Huzur Hakkı, Barışa Karşı mı?


Kaderimiz, eli silahlı muktedirlerin elinde. Ne yapsak nafile, beyhude. Sen barış olsun diyorsun, insanlar ölmesin, dursun, bitsin bu hengame, bir yerde bir bomba patlıyor, masum insanlar ölüyor. Birisi sana diklenip, hangi barış demiştin, katilllerden yana mısın diye hesap soruyor.

Anlıyorsun ki asıl dert, senin susman, konuşmaman, fikrini söylememen, barış dememen. Biz susacağız, ortalık, silahla bitiririz, köklerini kuruturuz, analarını ağlatırız diyenlere kalacak.

Yok işte olmuyor, on yıllardır silahla bitmiyor, üstüne yeni silahlı hasımlar ekleniyor.

Dikkat ederseniz birileri barış diyor, birileri de huzur veya huzur ortamı.

Ne farkı var derseniz şöyle anlatayım, ben çocukken, sağcılar millet, solcular halk derdi. Biri hürriyet derdi, diğeri özgürlük, biri devrim diğeri inkılap. Say say bitmez. Bir gıdım aklı yok bu insanların.

Şimdi biri barış derse şöyle anlaşılıyor, ha bu adam Kürtçü, ha bu çocuk muhalif, ha bu kadın entel, ha bu Beyaz Türk, liboş, tıngırtı, değişik, hain, kahpe... Say say bitmez. Barış diyene ekmek yok.
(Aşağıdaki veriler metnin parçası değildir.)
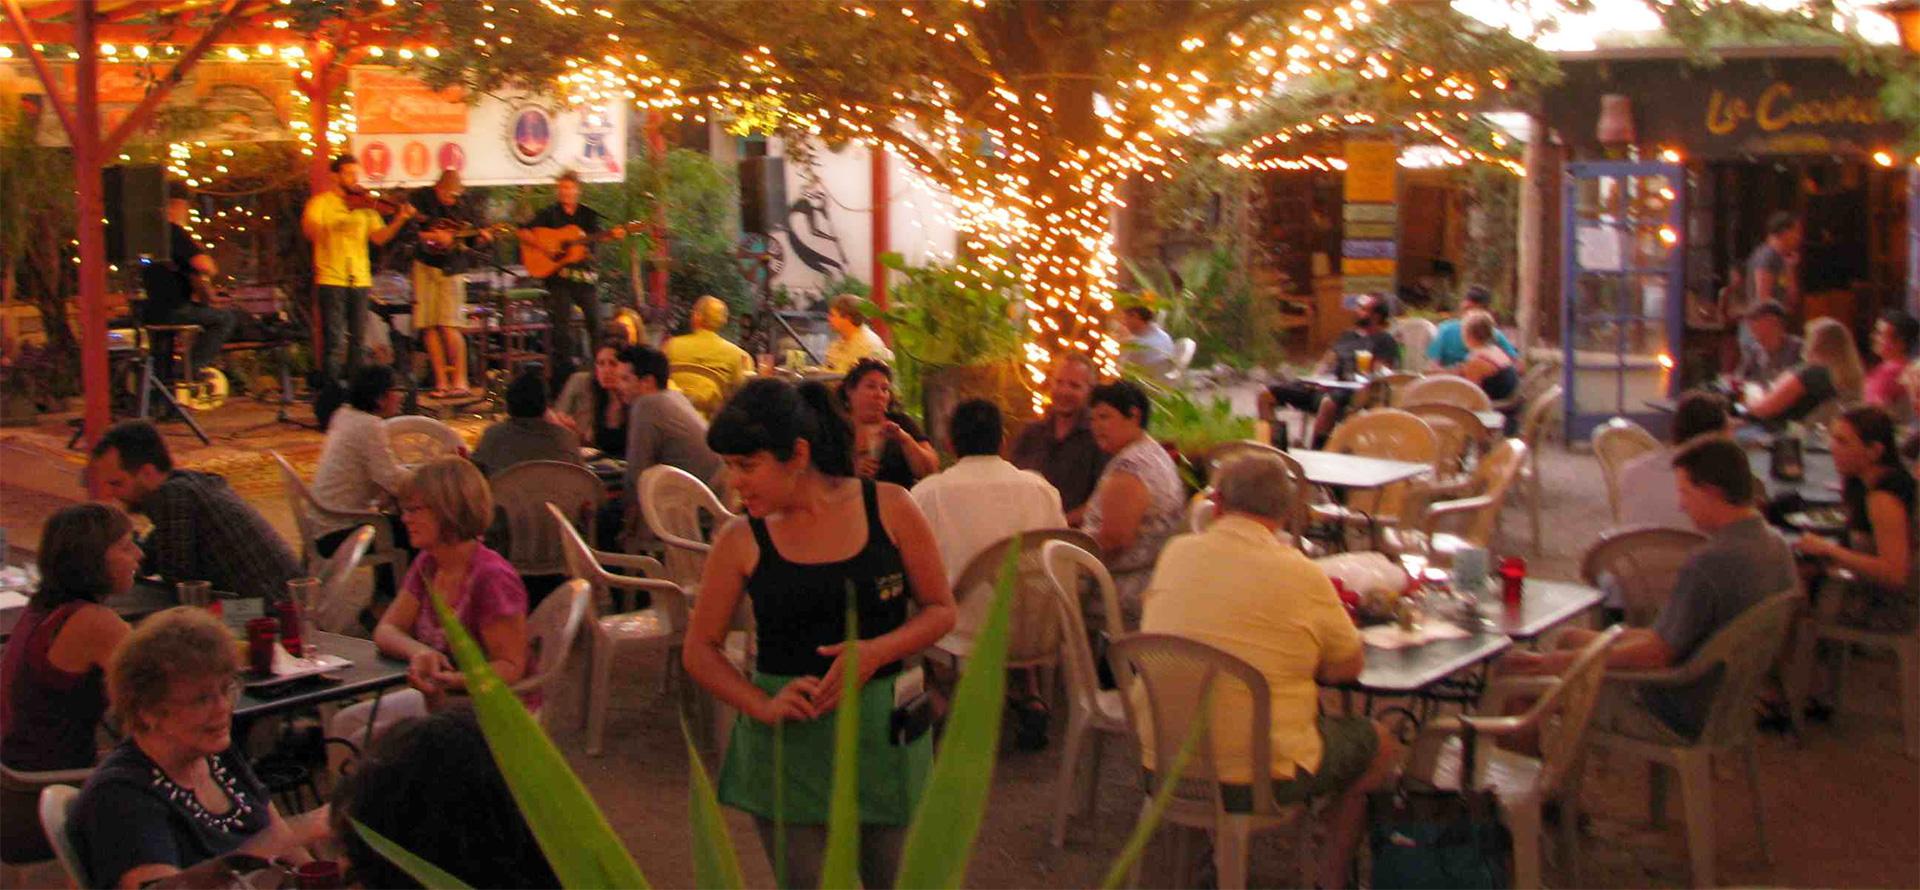 La Cocina  Downtown Tucson Restaurant Bar and Live Music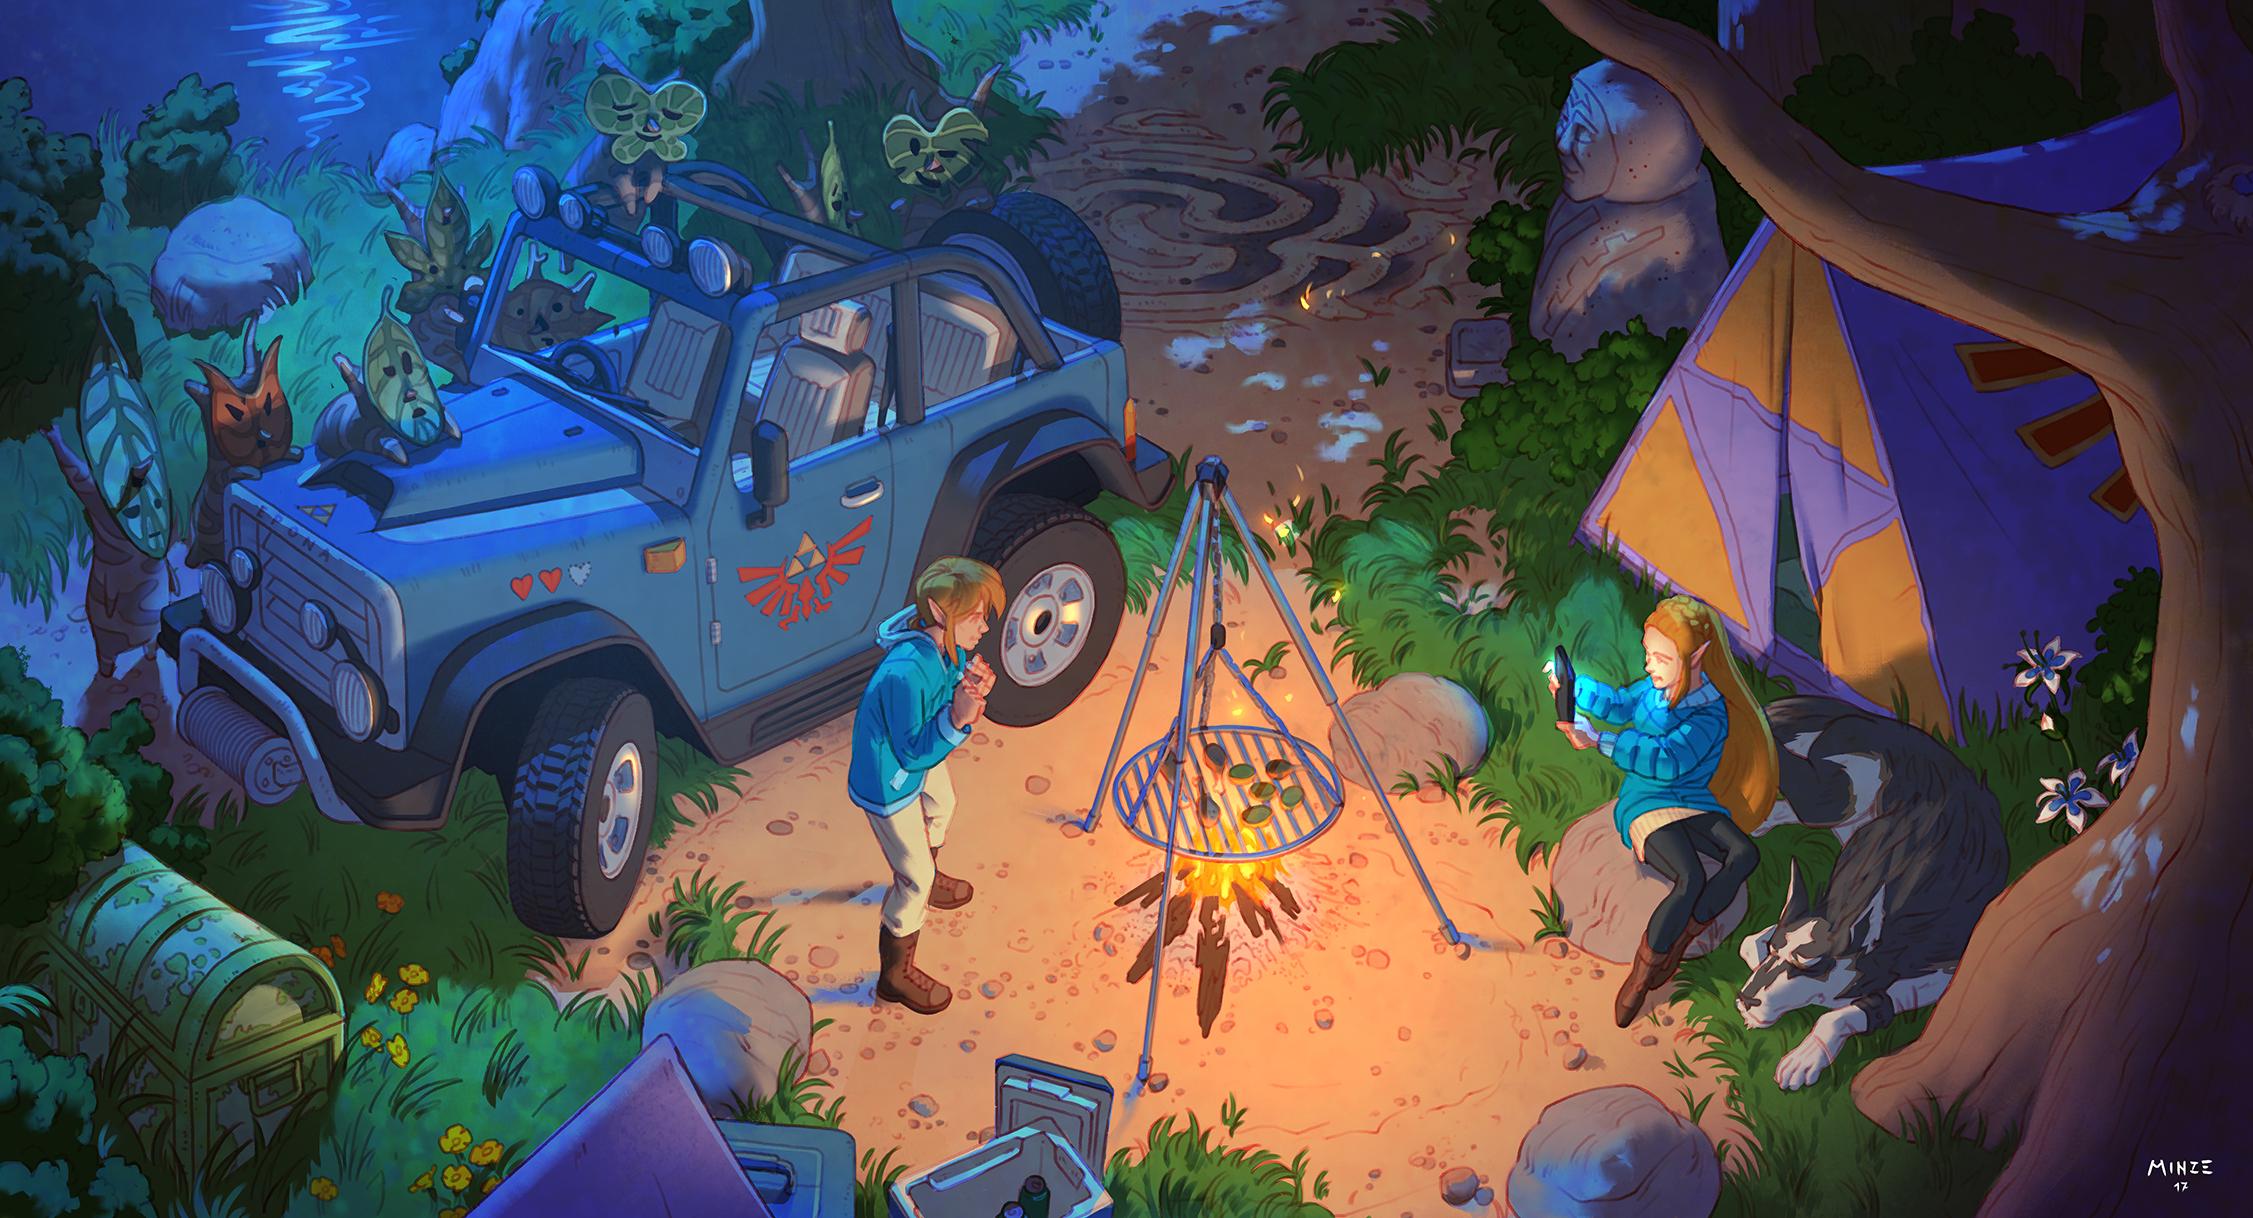 140 The Legend of Zelda Breath of the Wild HD Wallpapers 2253x1218

Var evi varlık evi, yok evi, darlık evi.

Lafla da bitmiyor, her defasında siyaseten ılımlı, silahla külahla işi olmayan biri,  orta sınıftan okumuş yazmış Beyaz Türkü küt diye toparlayıp terörle mücadeleden içeri alıyorlar. Niye? Demokrasinin en büyük silahı hapis çünkü. Düşünceleri yüzünden kaç kişi hapiste yatıyor, tecavüze, gaspa, cinayete af var, düşünce suçuna yok...Altı okka pekmez demokrasisi, bir türlü yerinden kalkamıyor.

Gazi Üniversitesinde çalıştım, Keçiören'de büyüdüm. Akademisyeni ya da ilkokulmezunu fark etmez, Sağcının aklı şuna çalışır. Konuşurken sana bakar, kullandığın sözcüklere ve mesafene göre, der ki bu Solcu...Bitti gitti, okumuş olmak, şehirli olmak, aileden okumuş olmak, şivesiz konuşmak Solculuğa yeter de artar...Barışa bu yüzden takıyorlar, var altında bir çapanoğlu diye huzursuzlanıyorlar. Cayır cayır bir anti entelektüelizm, barış dendiğinde höpürüp köpürüyor.

İnsanlar ölmeyecekse, siyaset kimseyi dışlamadan, konuşarak ilerleyecekse, kendi adıma, ömrü billah barış demeyebilirim, huzur derim, huzur ortamı, huzur hakkı...Dert bu mu ki?

Bu işler ifade özgürlüğünü engelleyerek, eleştirme hakkını imkansızlaştırarak çözülemez.

Türkiye'yi yalnızlaştırdıklarını bir türlü göremiyorlar, bir yıl sonra ne olacak, biz nerede olacağız göremiyorlar. Ödenmiş borcun kefili gibi değil sahiden ve şiddetle üzülmemiz gerekiyor çünkü.